Symmetric Tree

Description

Given a binary tree, check whether it is a mirror of itself (ie, symmetric around its center).

Example

Code

#include <bits/stdc++.h>

using namespace std;

struct TreeNode
{
    int val;
    TreeNode *left;
    TreeNode *right;
    TreeNode() : val(0), left(nullptr), right(nullptr) {}
    TreeNode(int x) : val(x), left(nullptr), right(nullptr) {}
    TreeNode(int x, TreeNode *left, TreeNode *right) : val(x), left(left), right(right) {}
};

class Solution
{
public:
    bool recursion(TreeNode *left, TreeNode *right)
    {
        if (!left && !right)
            return true;
        if (!left && right || left && !right)
            return false;

        if (left->val == right->val)
        {
            if (recursion(left->left, right->right) && recursion(left->right, right->left))
                return true;
        }

        return false;
    }

    bool isSymmetric(TreeNode *root)
    {
        if (!root)
            return true;

        if ((!root->left && root->right) || (root->left && !root->right))
            return false;
        if (!root->left && !root->right)
            return true;

        if (root->left->val == root->right->val)
        {
            if (BFS(root->left, root->right))
                return true;
        }
        return false;
    }
};

Thoughts

I thought this problem can be solved in many ways.

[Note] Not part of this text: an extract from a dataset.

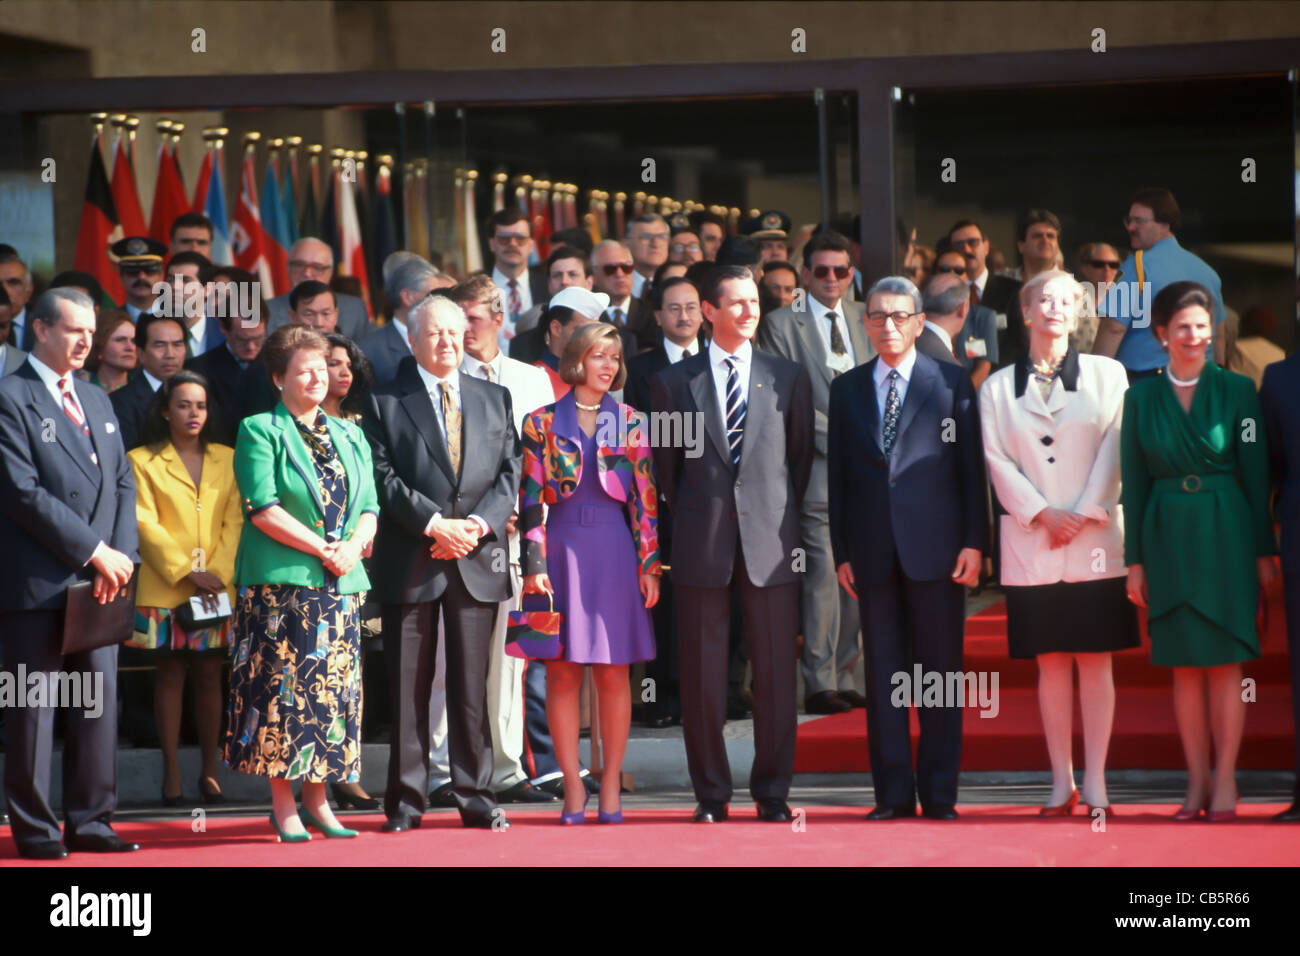 United Nations Conference on Environment and Development, Rio de Janeiro, Brazil, 3rd to 14th June 1992. World leaders photo call: front row: Gro Harlem Bruntland, Brazilian President Fernando Collor de Mello and his wife, UN Secretary General Boutros Boutros Ghali. Stock Photo

Literally, I could use DFS, BFS, and just Recursive way. I think it is very easy to solve it through recursive way by comparing left node of given left node and right node of given right node. If those result is true, then I compare right of left and left of right , so on.
By doing that way, I think the order of the parameters in the recursive method, it is as same order as BFS.